Worthley DL, Churchill M, Compton JT, Tailor Y, Rao M, Si Y, Levin D, Schwartz MG, Uygur A, Hayakawa A, Gross S, Renz BW, Setlik W, Martinez AN, Chen X, Nizami S, Kang H, Caldwell J, Asfaha S, Westphalen CB, Graham T, Jin G, Nagar D, Wang H, Kheirbek MA, Kolhe A, Carpenter J, Glaire M, Nair A, Renders A, Manieri N, Muthupalani A, Fox JG, Reichert M, Giraud AS, Schwabe RF, Pradere JP, Walton K, Prakash A, Gumucio D, Rustgi AK, Stappenbeck TS, Friedman RA, Gershon MD, Sims P, Grikscheit T, Lee FY, Karsenty G, Mukherjee S, Wang TC (2015) Cell

The stem cells that maintain and repair the postnatal skeleton remain undefined. One model suggests that perisinusoidal mesenchymal stem cells (MSCs) give rise to osteoblasts, chondrocytes, marrow stromal cells, and adipocytes, although the existence of these cells has not been proven through fate-mapping experiments. We demonstrate here that expression of the bone morphogenetic protein (BMP) antagonist gremlin 1 defines a population of osteochondroreticular (OCR) stem cells in the bone marrow. OCR stem cells self-renew and generate osteoblasts, chondrocytes, and reticular marrow stromal cells, but not adipocytes. OCR stem cells are concentrated within the metaphysis of long bones not in the perisinusoidal space and are needed for bone development, bone remodeling, and fracture repair. Grem1 expression also identifies intestinal reticular stem cells (iRSCs) that are cells of origin for the periepithelial intestinal mesenchymal sheath.
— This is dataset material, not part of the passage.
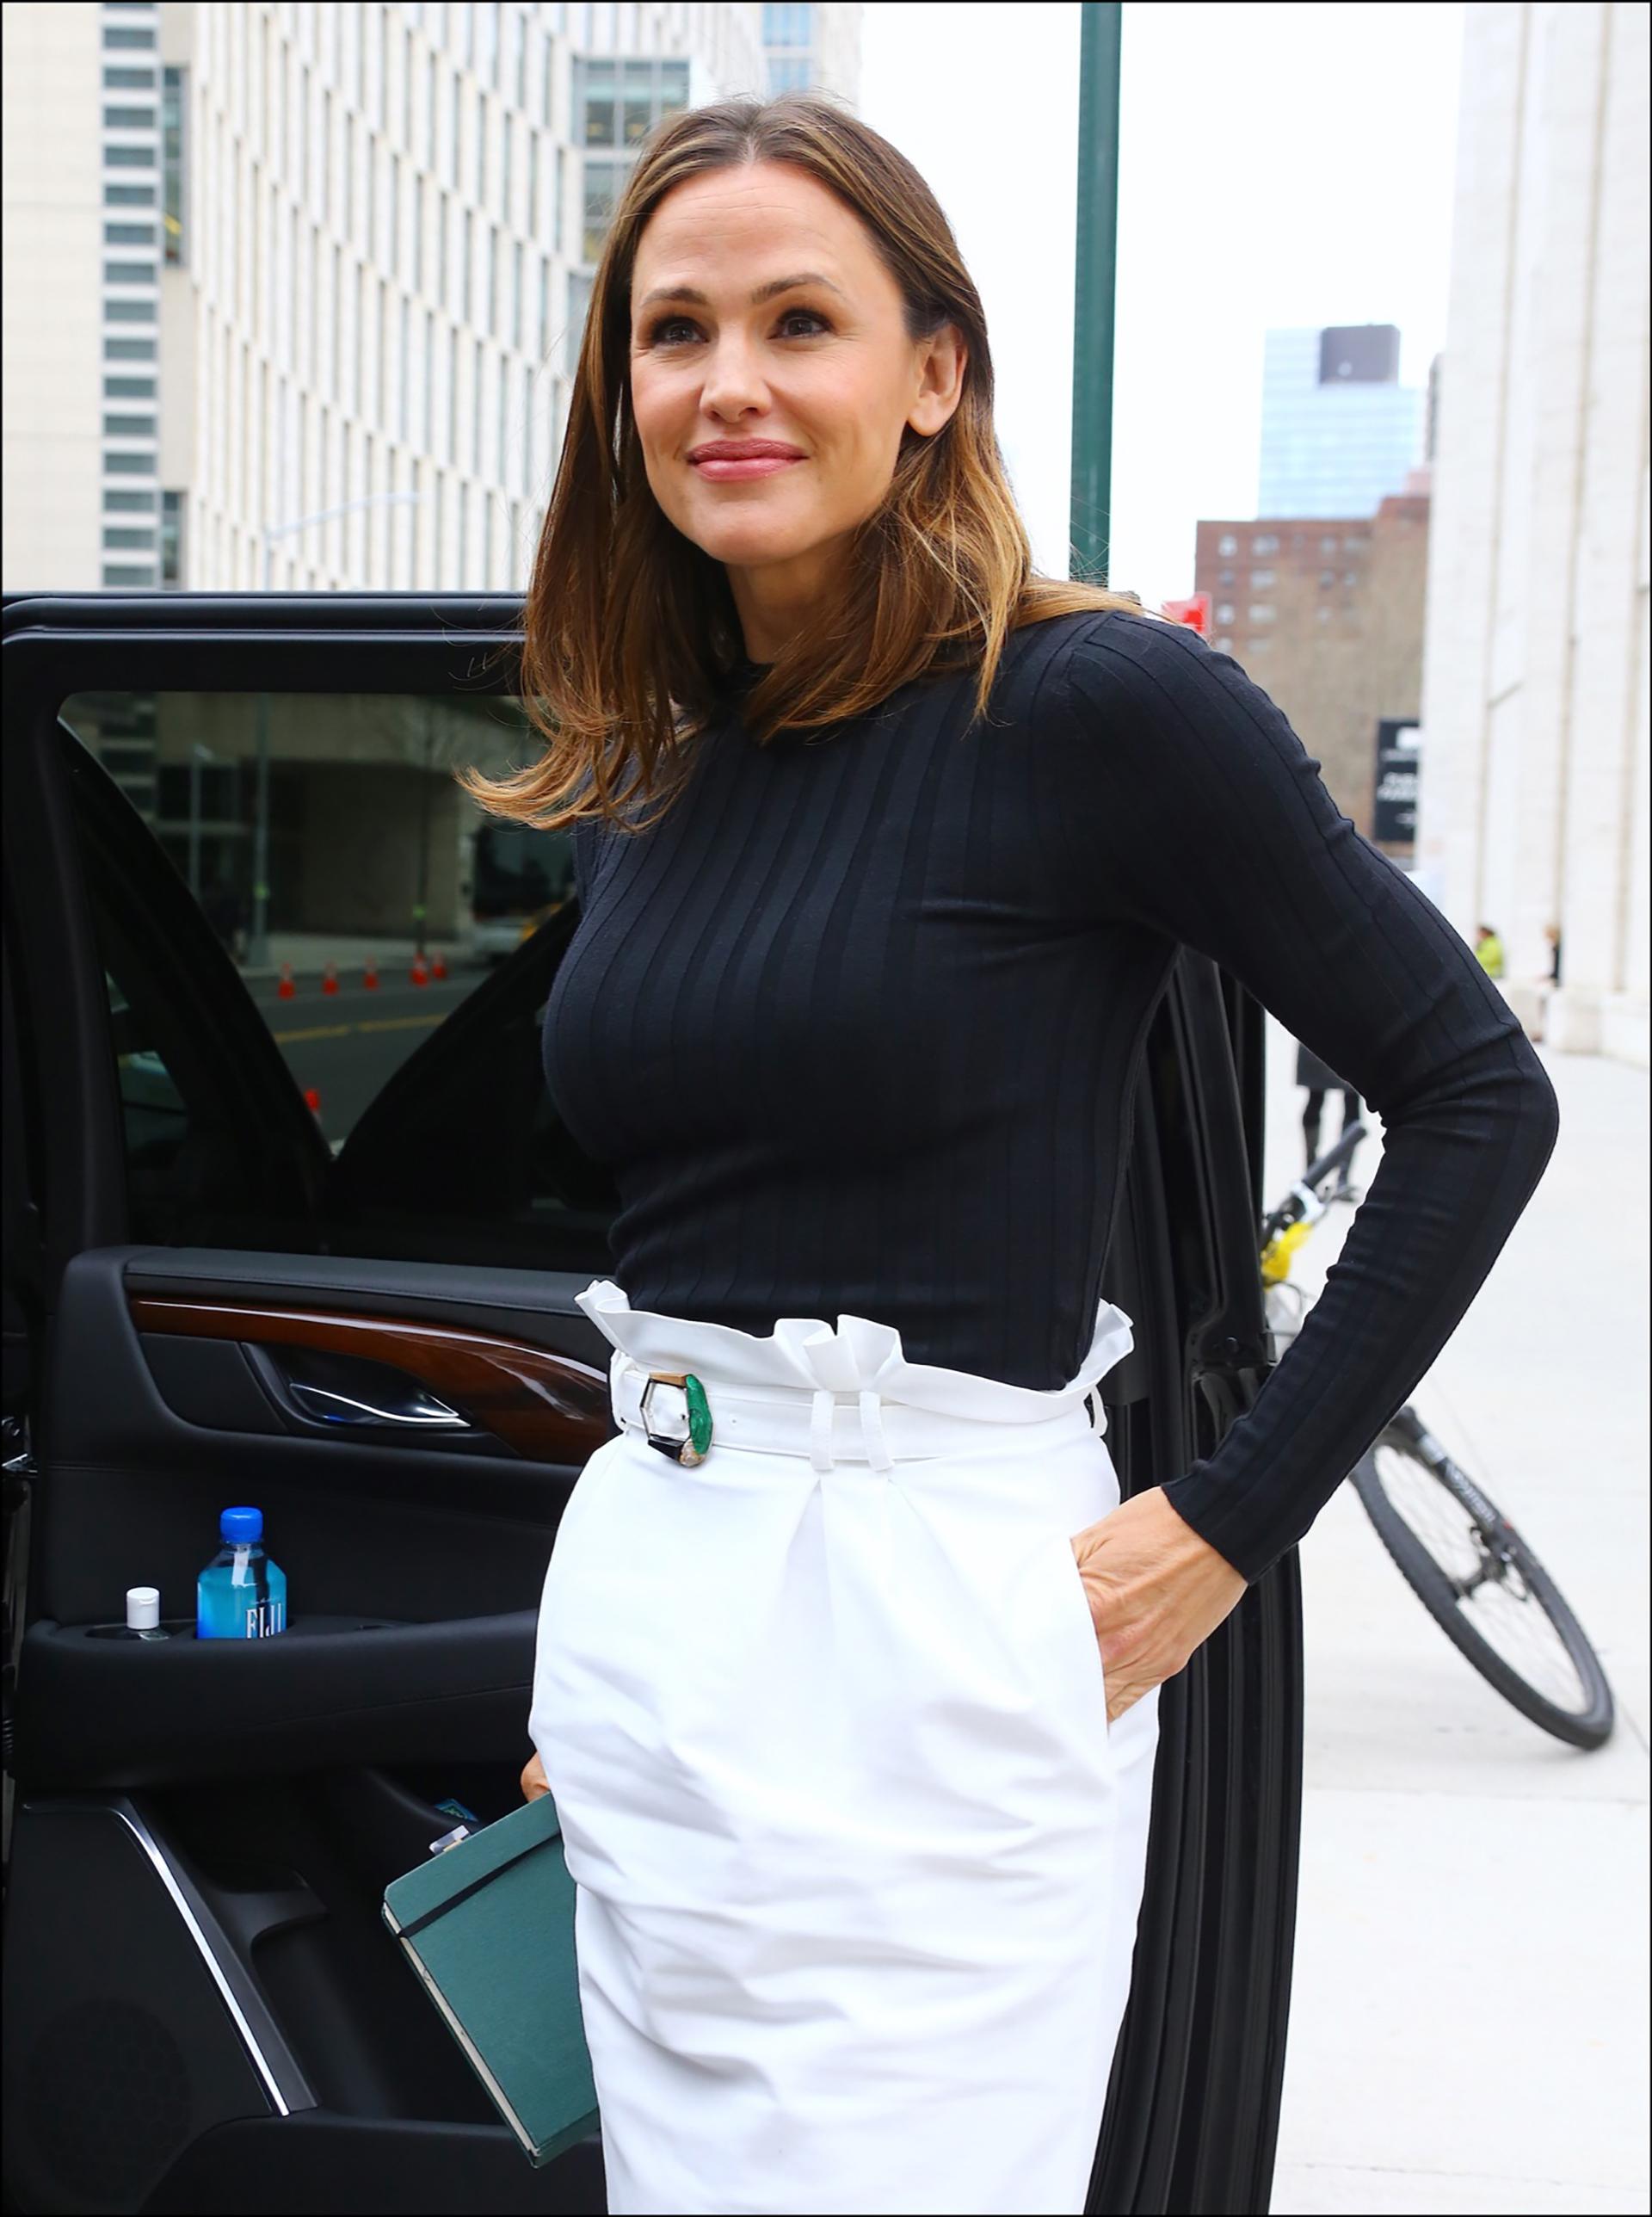 Para compensar la silueta, llama la atención en la falda un cinturón que resalta la cintura.

Grem1 expression identifies distinct connective tissue stem cells in both the bone (OCR stem cells) and the intestine (iRSCs).
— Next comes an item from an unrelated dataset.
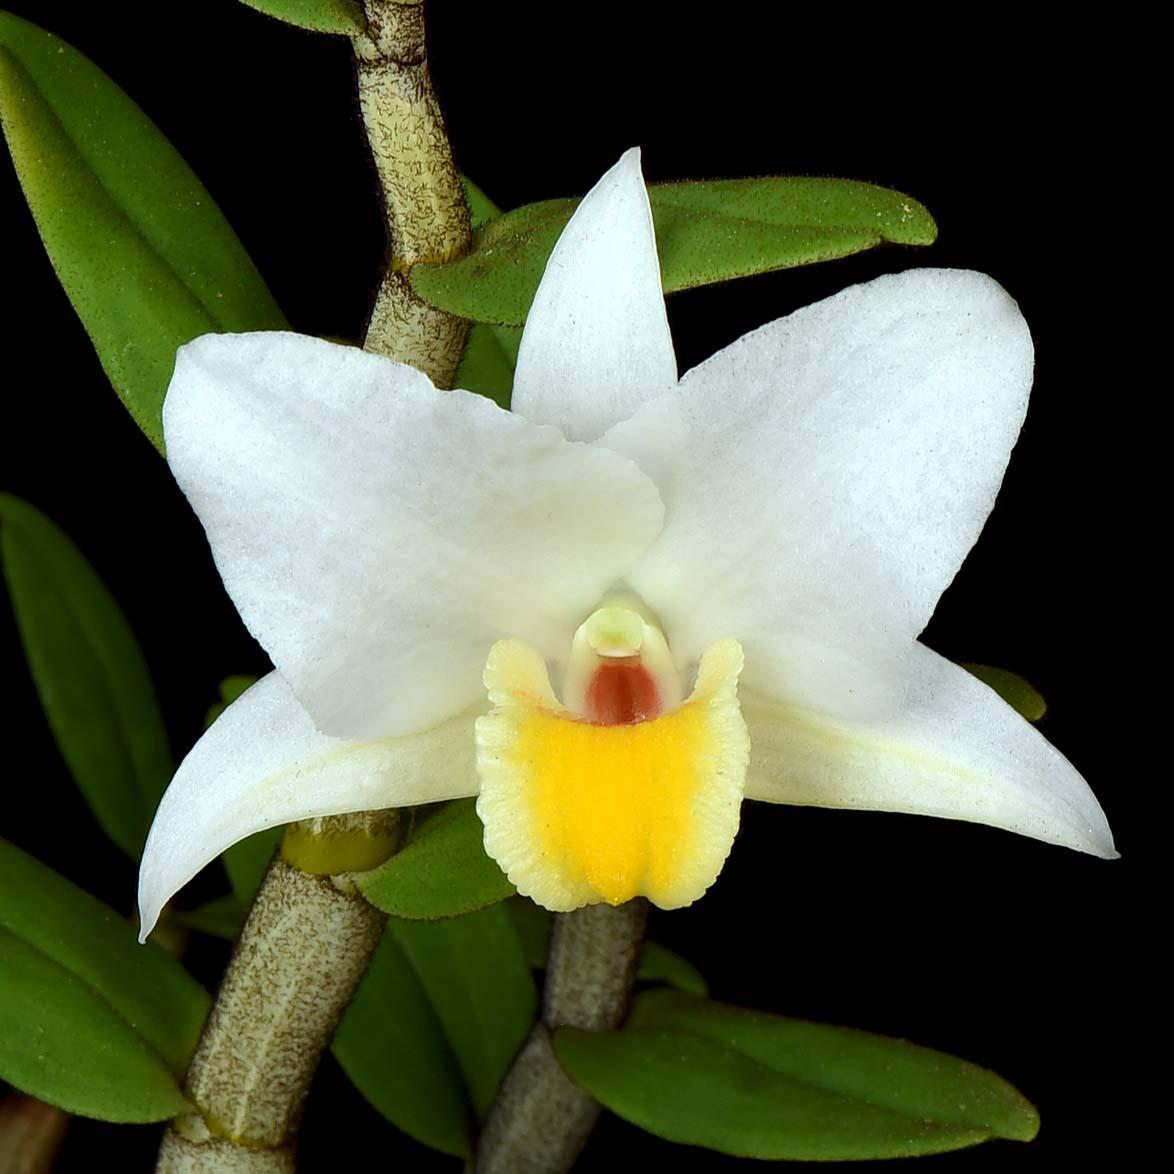 Dendrobium ovipositoriferum

Borgkvist A, Avegno EM, Wong MY, Kheirbek MA, Sonders MS, Hen R, Sulzer D (2015) Neuron

Degeneration of dopamine (DA) neurons in Parkinson’s disease (PD) causes hypokinesia, but DA replacement therapy can elicit exaggerated voluntary and involuntary behaviors that have been attributed to enhanced DA receptor sensitivity in striatal projection neurons. Here we reveal that in hemiparkinsonian mice, striatal D1 receptor-expressing medium spiny neurons (MSNs) directly projecting to the substantia nigra reticulata (SNr) lose tonic presynaptic inhibition by GABAB receptors. The absence of presynaptic GABAB response potentiates evoked GABA release from MSN efferents to the SNr and drives motor sensitization. This alternative mechanism of sensitization suggests a synaptic target for PD pharmacotherapy.

Kheirbek MA (2015) Cell

In select areas of the brain, neural stem cells produce new neurons throughout life. An elegant new study in this issue of Cell reveals the origins of a stem cell population that persists into adulthood and uncovers a surprising relationship between neurons born in the mature brain and those generated early in development.

Drew LJ, Kheirbek MA, Luna VM, Denny CA, Cloidt MA, Wu MV, Jain S, Scharfman HE, Hen R (2015) Hippocampus

Robust incorporation of new principal cells into preexisting circuitry in the adult mammalian brain is unique to the hippocampal dentate gyrus (DG). We asked if adult-born granule cells (GCs) might act to regulate processing within the DG by modulating the substantially more abundant mature GCs. Optogenetic stimulation of a cohort of young adult-born GCs (0 to 7 weeks post-mitosis) revealed that these cells activate local GABAergic interneurons to evoke strong inhibitory input to mature GCs. Natural manipulation of neurogenesis by aging—to decrease it—and housing in an enriched environment—to increase it—strongly affected the levels of inhibition. We also demonstrated that elevating activity in adult-born GCs in awake behaving animals reduced the overall number of mature GCs activated by exploration. These data suggest that inhibitory modulation of mature GCs may be an important function of adult-born hippocampal neurons.